If we lean toward liberatory narratives of computing, we would expect this transition would have been a good sign for trans people. If, other the hand, we start out with Ellen Ullman’s viewpoint, then we’d maybe be a bit suspicious about what might happen when a government decides to code a workable, informal system. And that is more in line with what Hicks found: a new commitment to binary sex embedded in binary code.

In the mid-1970s, Ministry officials stopped changing gender on ID cards claiming that the new system and the computers that made it possible no longer saw gender—they claimed, therefore, that the card’s gender indication no longer mattered. (This ignored the many ways that having one’s proper gender on a government ID would matter to a person.) The new system tracked income instead, increasing economic surveillance and tying pensions to earnings (as was already common in the American social security system). Still, Hicks reported, the system did not really give up on gender. The people who programmed the computers built in exceptions that flagged every person who the government knew to be trans, requiring each to have their case dealt with manually. By treating trans folk as exceptions, the government assured extra scrutiny and made delays more likely. Computerization offered an excuse to walk back trans-accepting policies, while hiding the system’s suspicion of Britons who didn’t submit quietly to the gender binary.

Alongside that cautionary tale, Hicks pauses to reflect on something else revealed in these FOIA files:

There were large enough numbers of trans Britons asserting their rights to the benefits of the new welfare state to be taken for granted as a class of citizen-users, had the state chosen to see them as such. Indeed, these files may contain some of the earliest examples of how trans citizens began to emerge as a specific cohesive class arguing for their rights in British society in the 20th century. (29)

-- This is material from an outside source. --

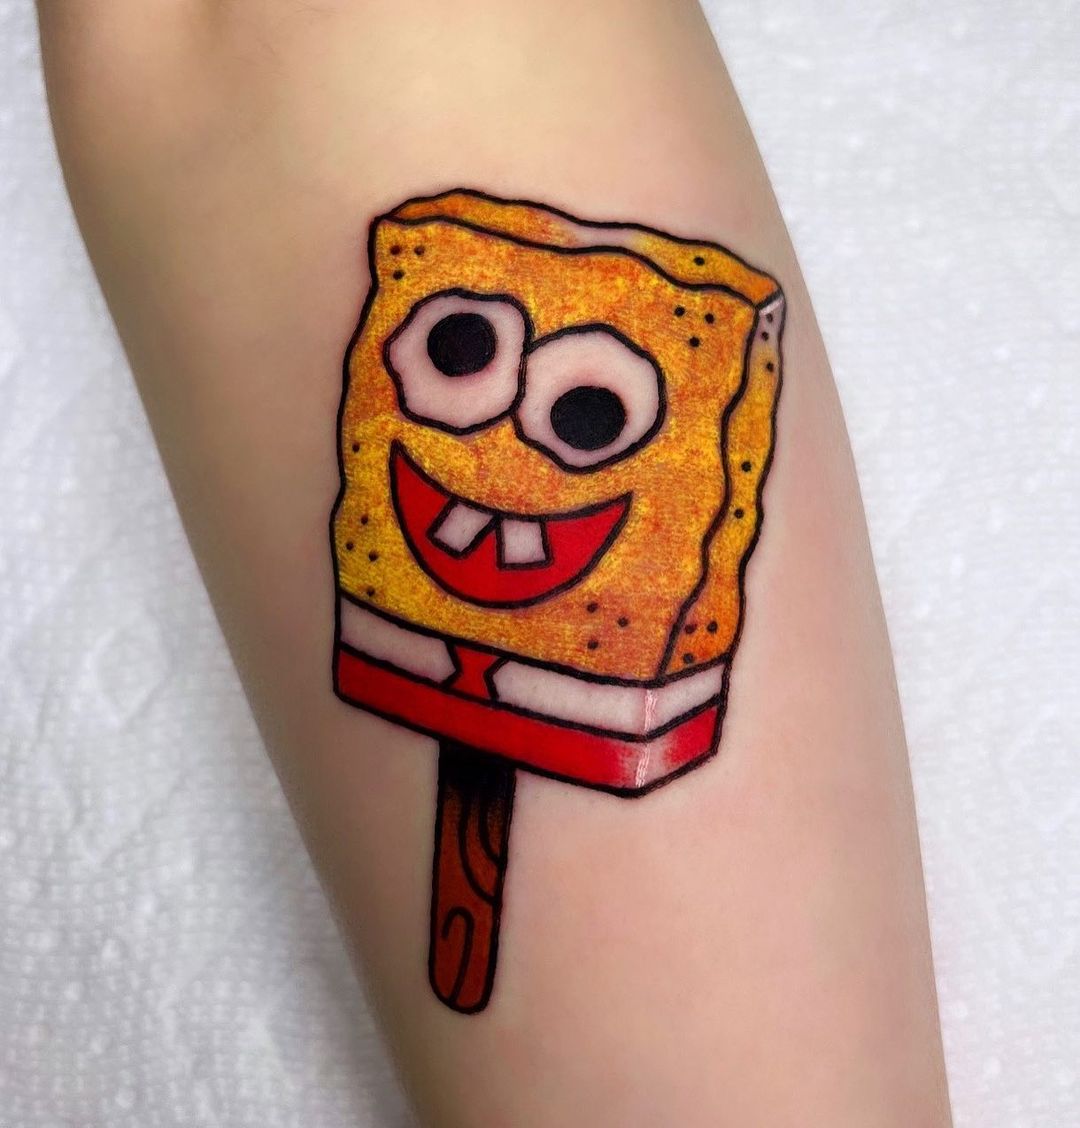 Sponge Bob Tattoo As An Ice Cream
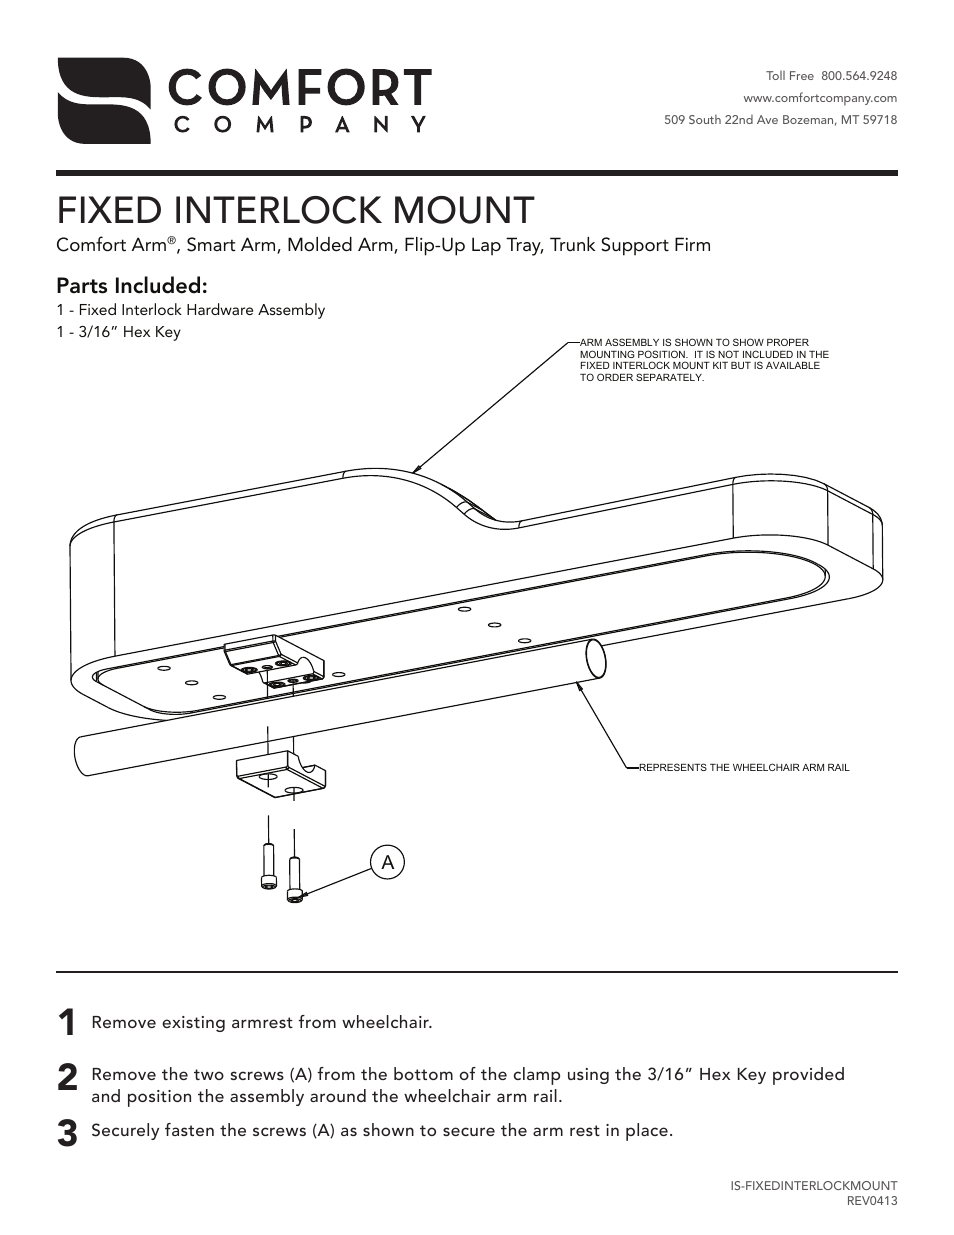 Fixed Interlock Mount

Here is an inspiring point. No one wants to spend time fighting to get their name or gender corrected in a pension ledger—that so many people did so is a testament to their resolve, and an expression of queer activism that deserves our celebration.


FURTHER READING:

*NOTE (appended on July 6, 2023): I was using the first Picador paperback edition when I wrote this post. When I got my copy of the new MCD/Picador 25th Anniversary Edition, I saw that the name of the system had changed to “Reggie”: “Reggie. Also short for registration.” My guess is that that the original name had been changed for some concern about privacy in earlier editions and is now, many years later, being revealed.